US Billboards Using Technology To Track What People Do When They See An Ad

US Billboards Using Technology To Track What People Do When They See An Ad

The US has gone all ‘Minority Report’ on us and created a new collection of billboards that use data from mobile phones to track what people do when they pass an outdoor ad.

The technology was created by Clear Channel Outdoor Americas, according to Business Insider, and while it’s set to be highly useful for advertisers, not everyone is a big lover of it.

Senior vice president of research and insights at the outdoor advertising arm of iHeartMedia told the New York Times it hits a little too close to home in replicating the Tom Cruise flick Minority Report, where customised ads speak directly to Cruise’s character.

“I’m not sure it’s a great user experience and it is a little creepy, to be honest. With a mass-medium like Out-Of-Home, a better use is to target general patterns of consumer groups, not the individual,” he told the site MediaVillage.

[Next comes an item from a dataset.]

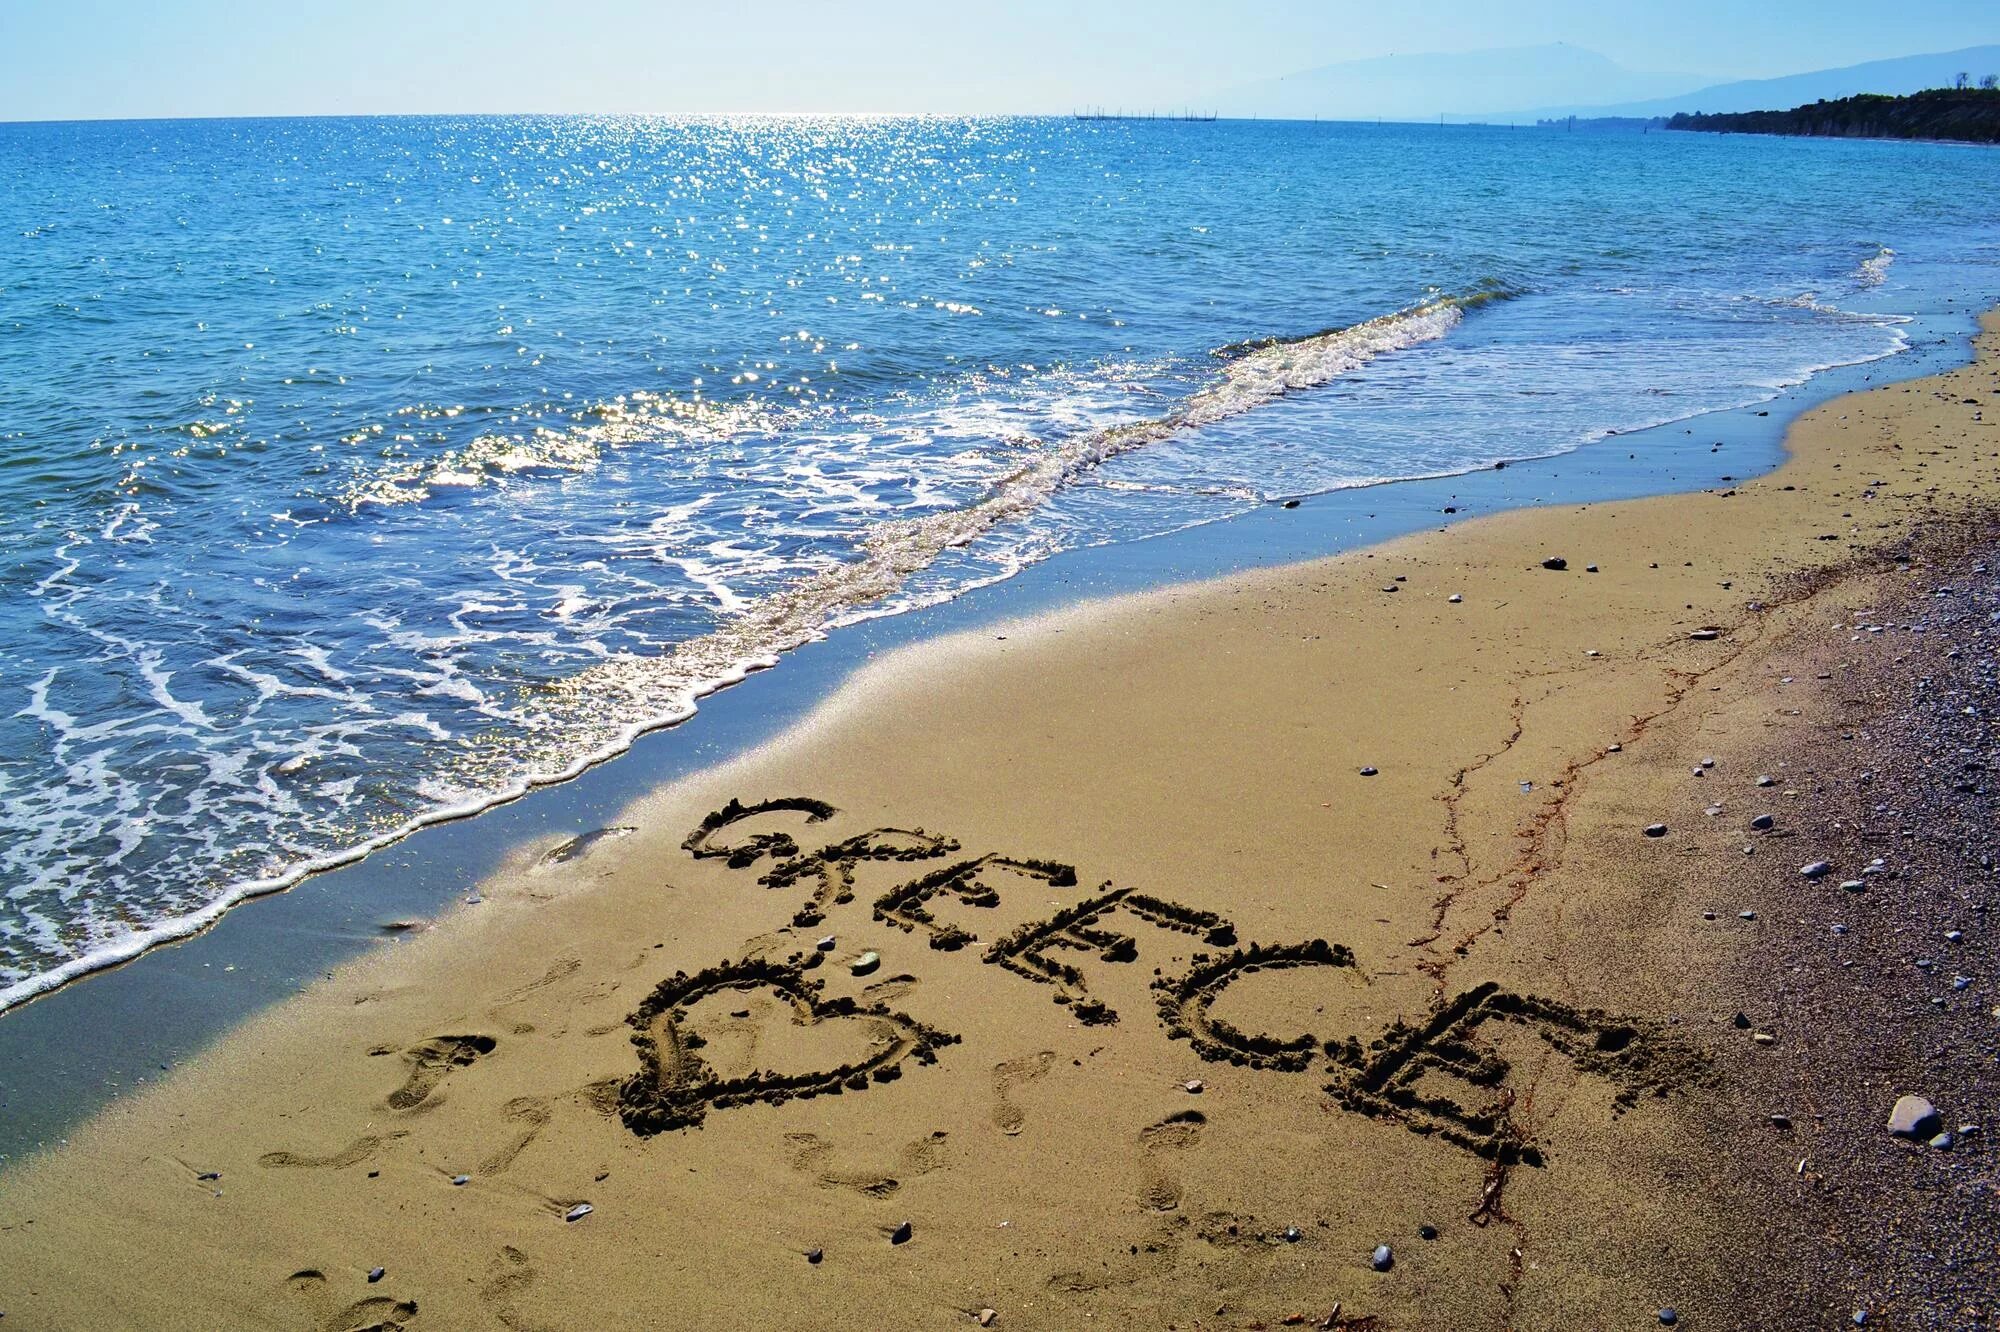 Добро на греческом. Надпись на песке. Надпись на песке на море. Греция море любовь. Отдых на море.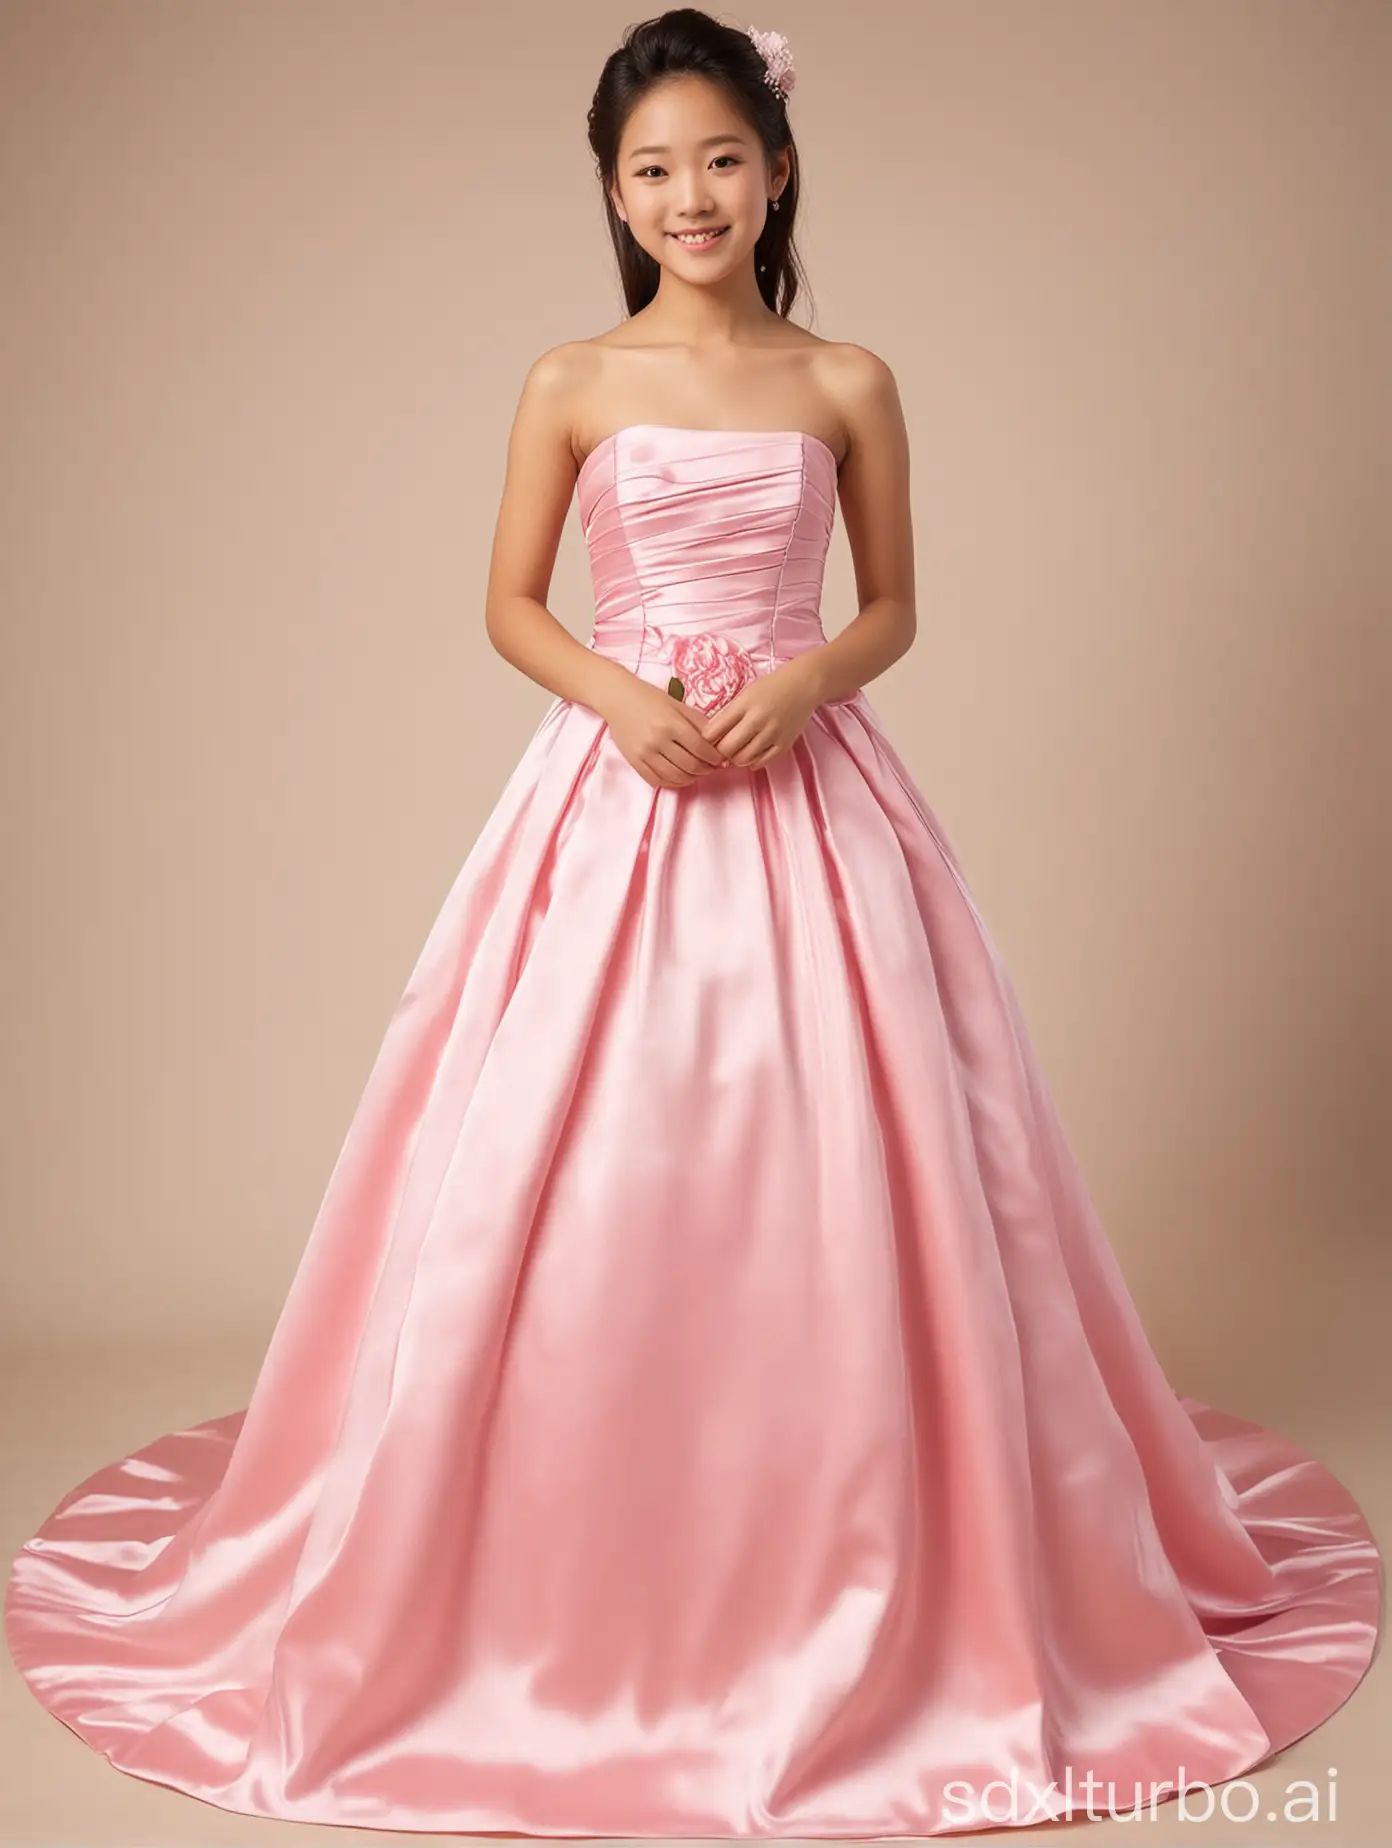 12yo,1girl,Japanese,pink strapless wedding dress,full body

Clear Channel Outdoor, which owns a truckload of billboards across the country, says it will combine them with data and analytic tools, known as Radar, to test whether an outdoor advertising campaign was kicking goals or not.

You can see how it works here:

So far, it’s partnered with the shoe company Toms, and discovered that users’ awareness of the charity-minded company increased. This was measured by whether users looked it up online or found the brand in a shoe store following their passing of a billboard.

The company says all information sourced is anonymous and makes it impossible to identify a single user, and is just repurposing the same data that mobile advertisers have been using already to display ads on users’ phones.

Naturally, the issue of privacy came up.

“Given the sensitive nature of location data, all parties involved in Clear Channel’s Radar service should provide clear and comprehensive privacy policies and should disclose detailed information about their data-sharing relationships with other companies,” wrote Sen. Al Franken (D) of Minn. in a letter to Clear Channel Outdoor’s chief executive on Monday.

And privacy advocates claim that technology such as the billboards could catch consumers who were unaware they were being tracked.

“People have no idea that they’re being tracked and targeted,” executive director of the Center for Digital Democracy Jeffrey Chester told the Times. “It is incredibly creepy, and it’s the most recent intrusion into our privacy.”